- _Task requirements_: Give the data below again exactly as written, but without the pictures.

- _Data section_:
==========
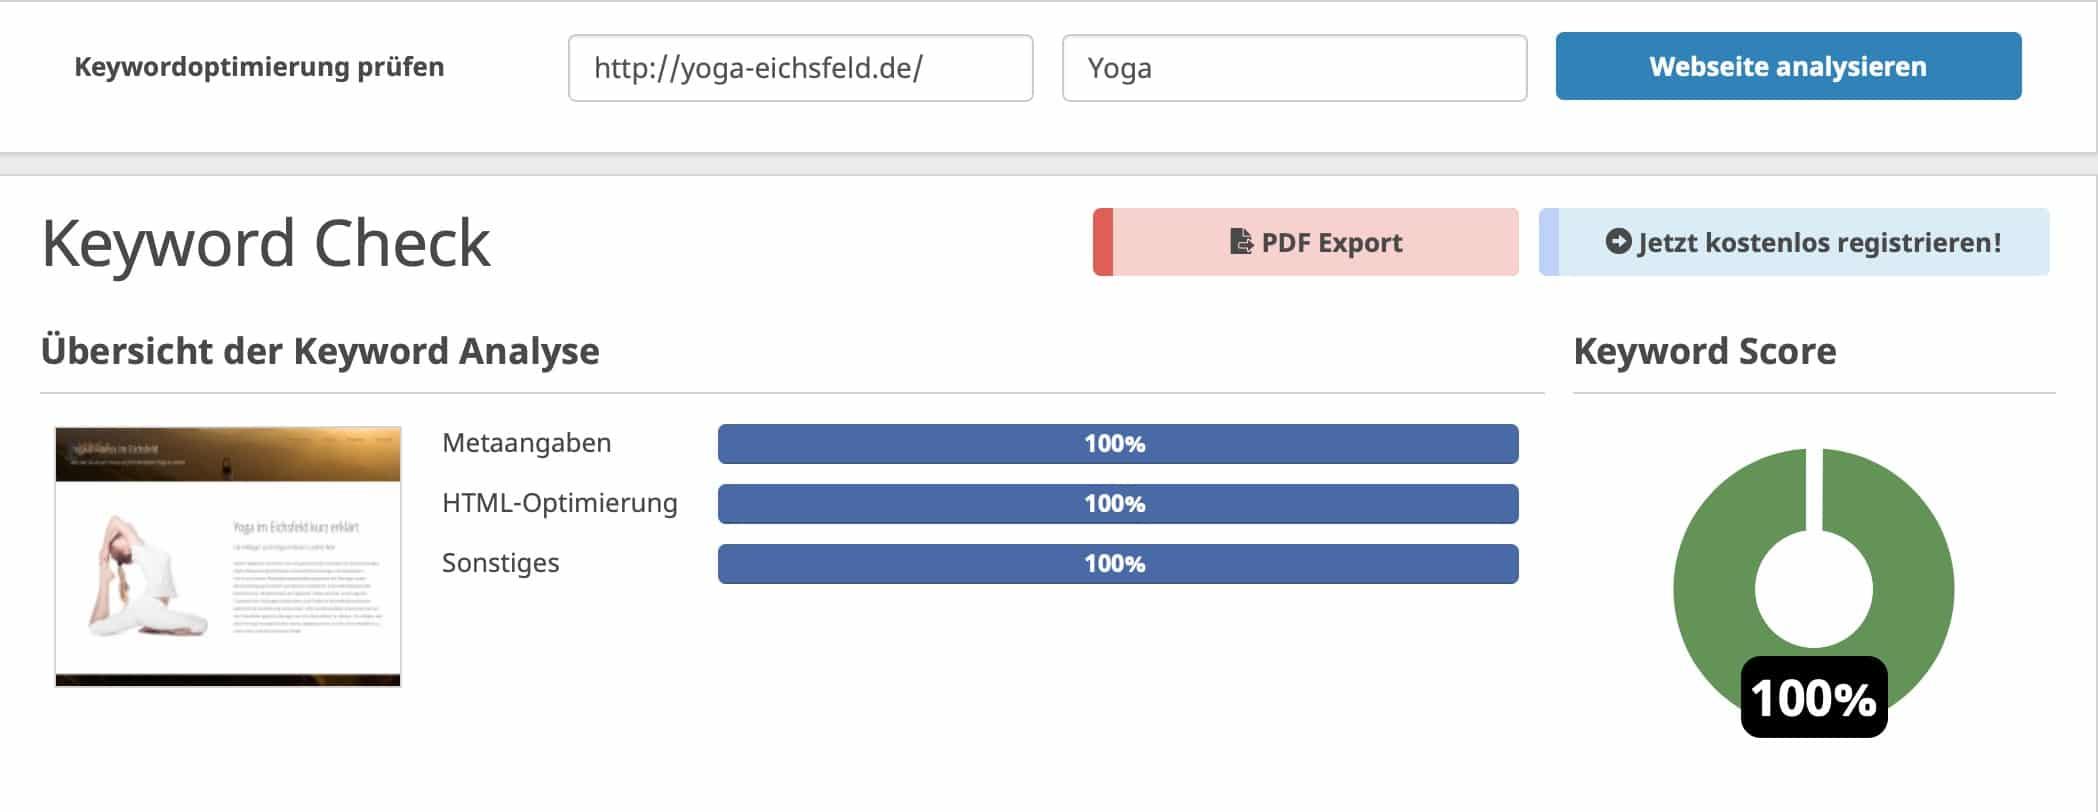 Yoga Eichsfeld Leinefelde Worbis Seite Webseite SEO Homepage Logo Corporate Design Selbständige Webdesign Agentur Marketing
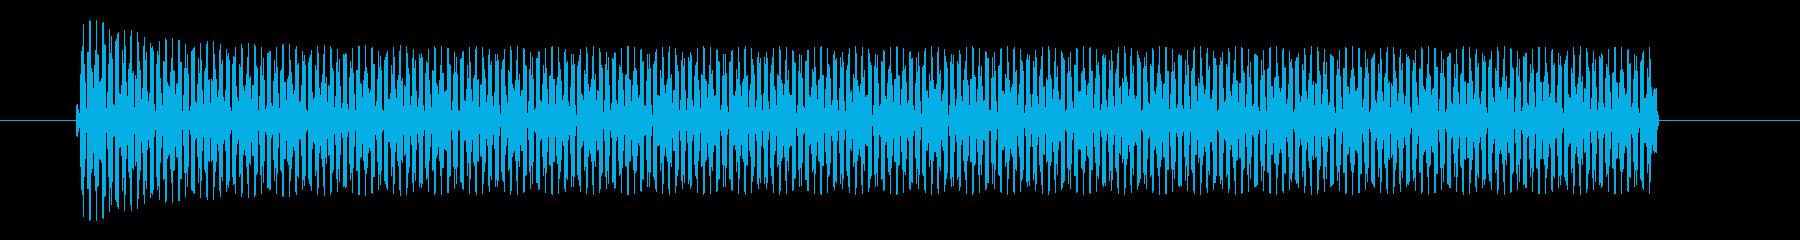 電話8の再生済みの波形
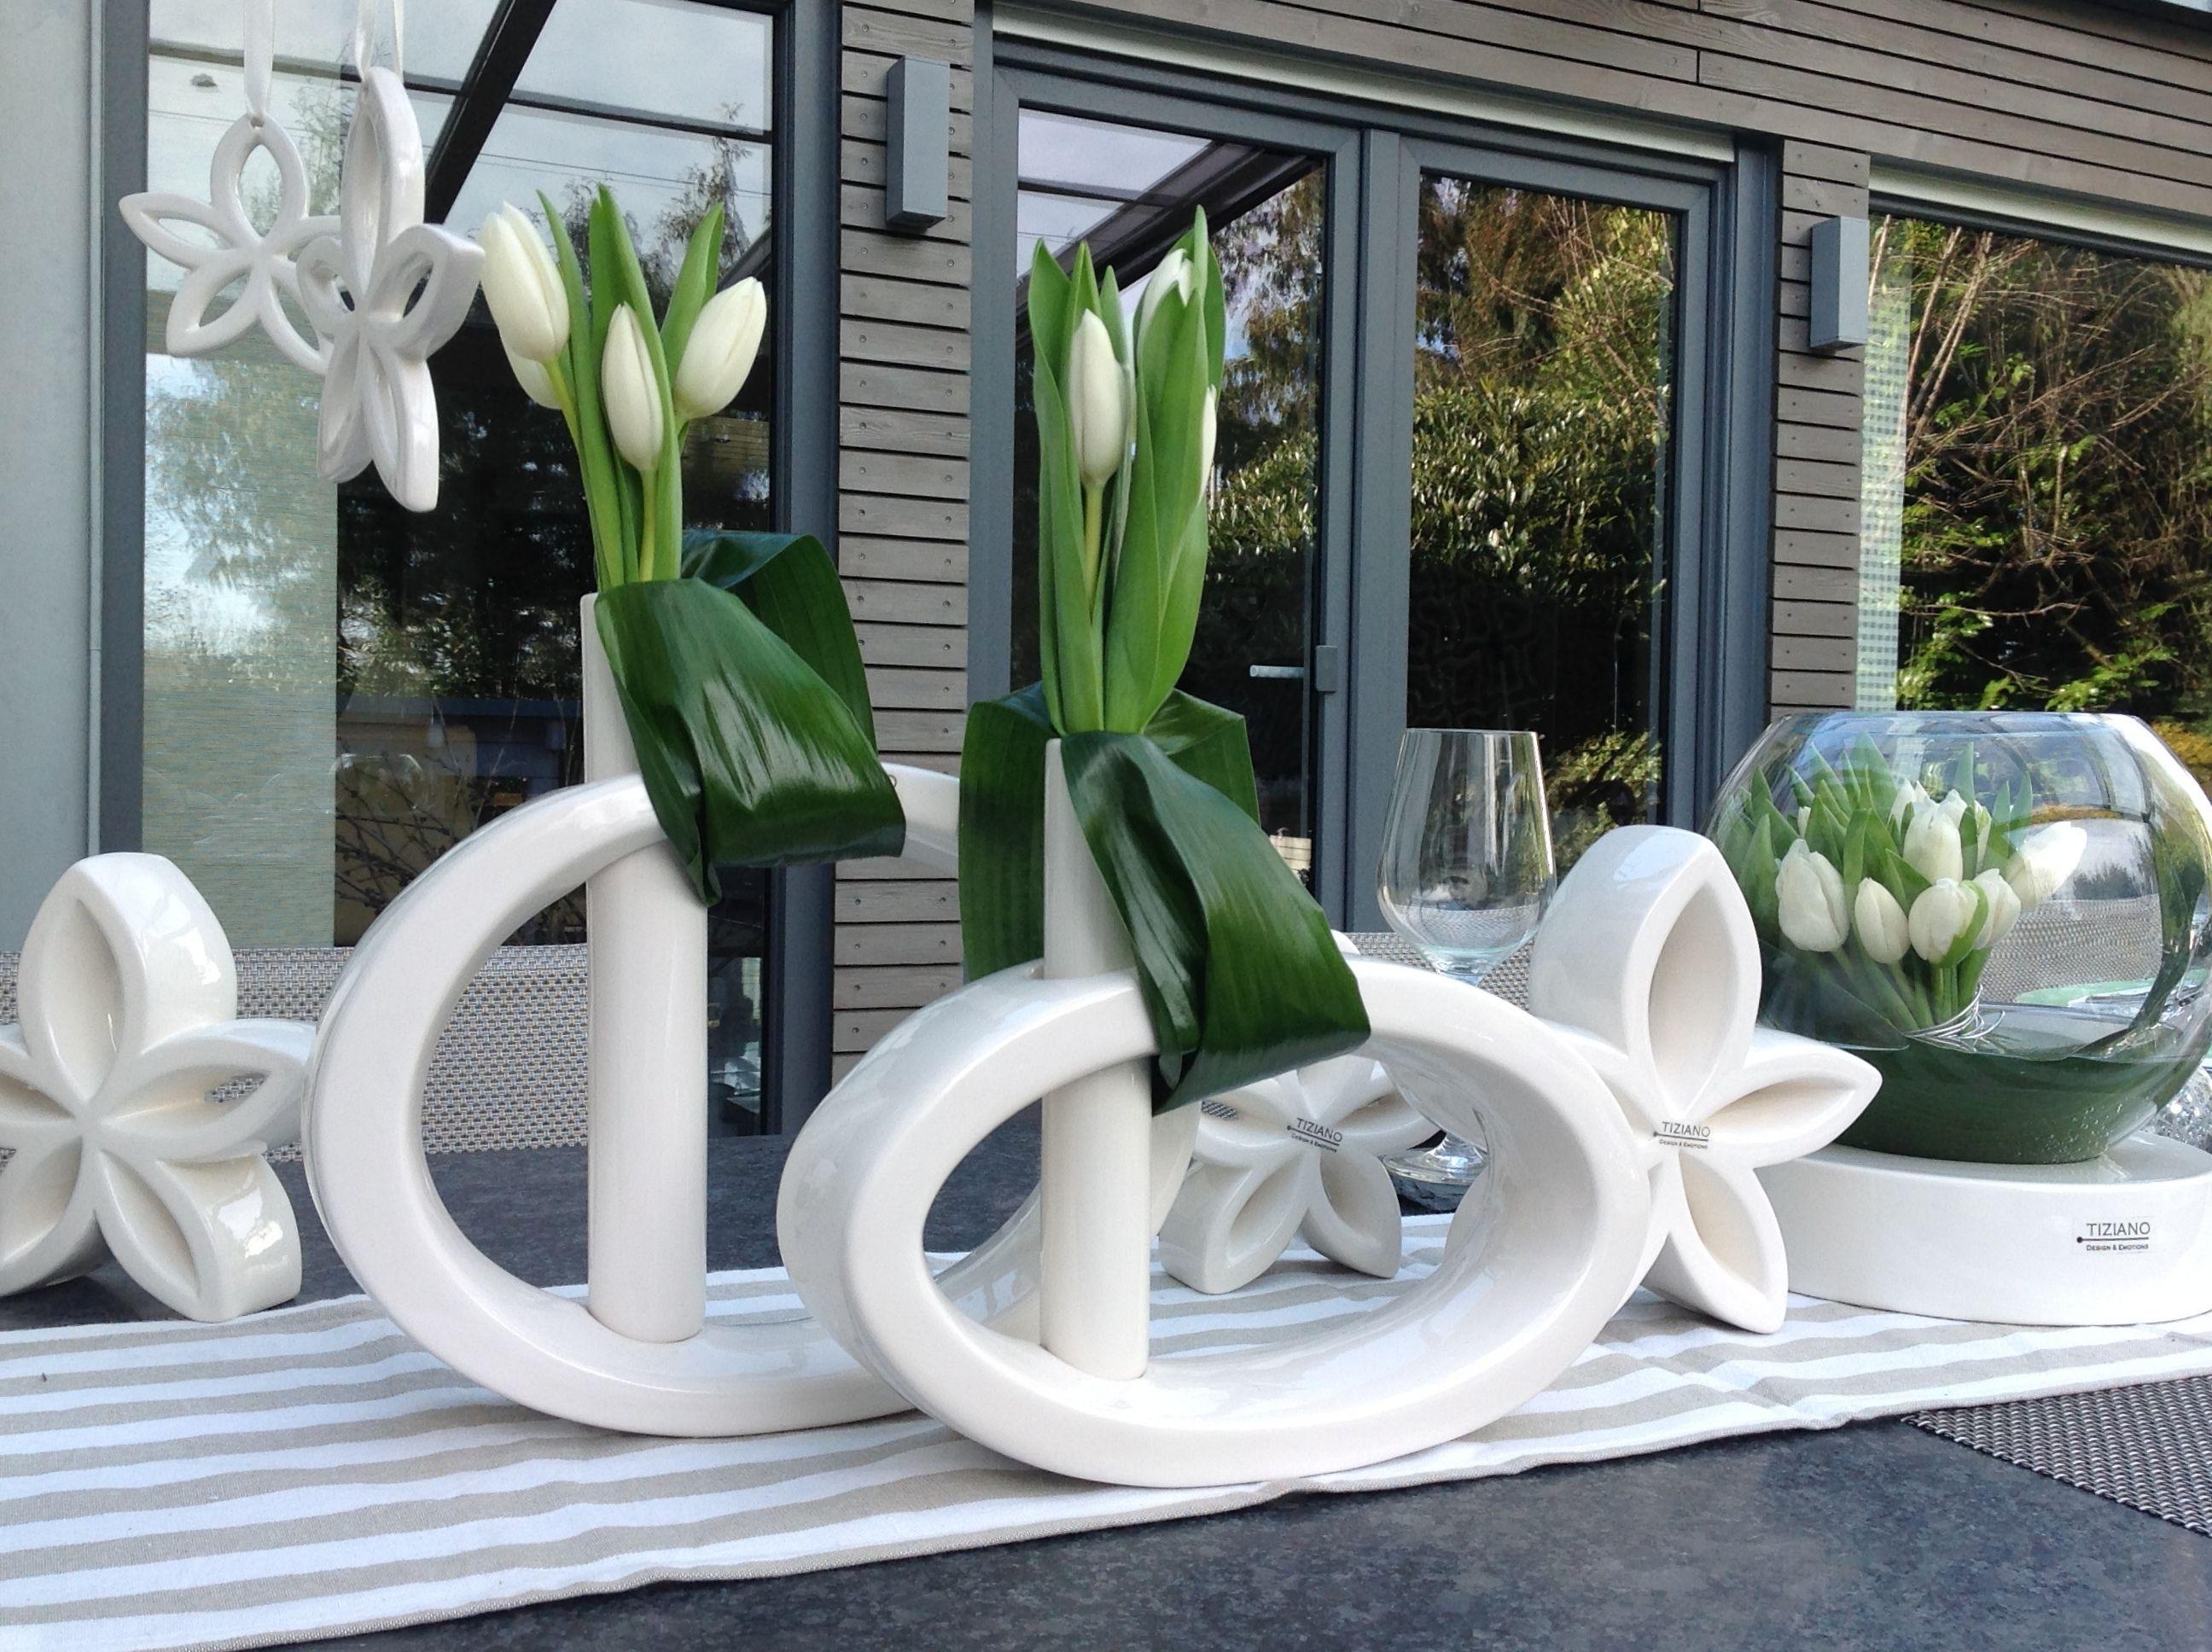 superior einfache dekoration und mobel bluetenpracht passend zur einrichtung 2 #3: Tischdekoration 2 x anders: Wir zeigen Ihnen heute wie Sie mit ein paar  Produkten unserer TIZIANO Frühjahrskollektion zwei ganz unterschiedliche ...
==========
- _Final answer_:
 Yoga Eichsfeld Leinefelde Worbis Seite Webseite SEO Homepage Logo Corporate Design Selbständige Webdesign Agentur Marketing
 電話8の再生済みの波形
 superior einfache dekoration und mobel bluetenpracht passend zur einrichtung 2 #3: Tischdekoration 2 x anders: Wir zeigen Ihnen heute wie Sie mit ein paar  Produkten unserer TIZIANO Frühjahrskollektion zwei ganz unterschiedliche ...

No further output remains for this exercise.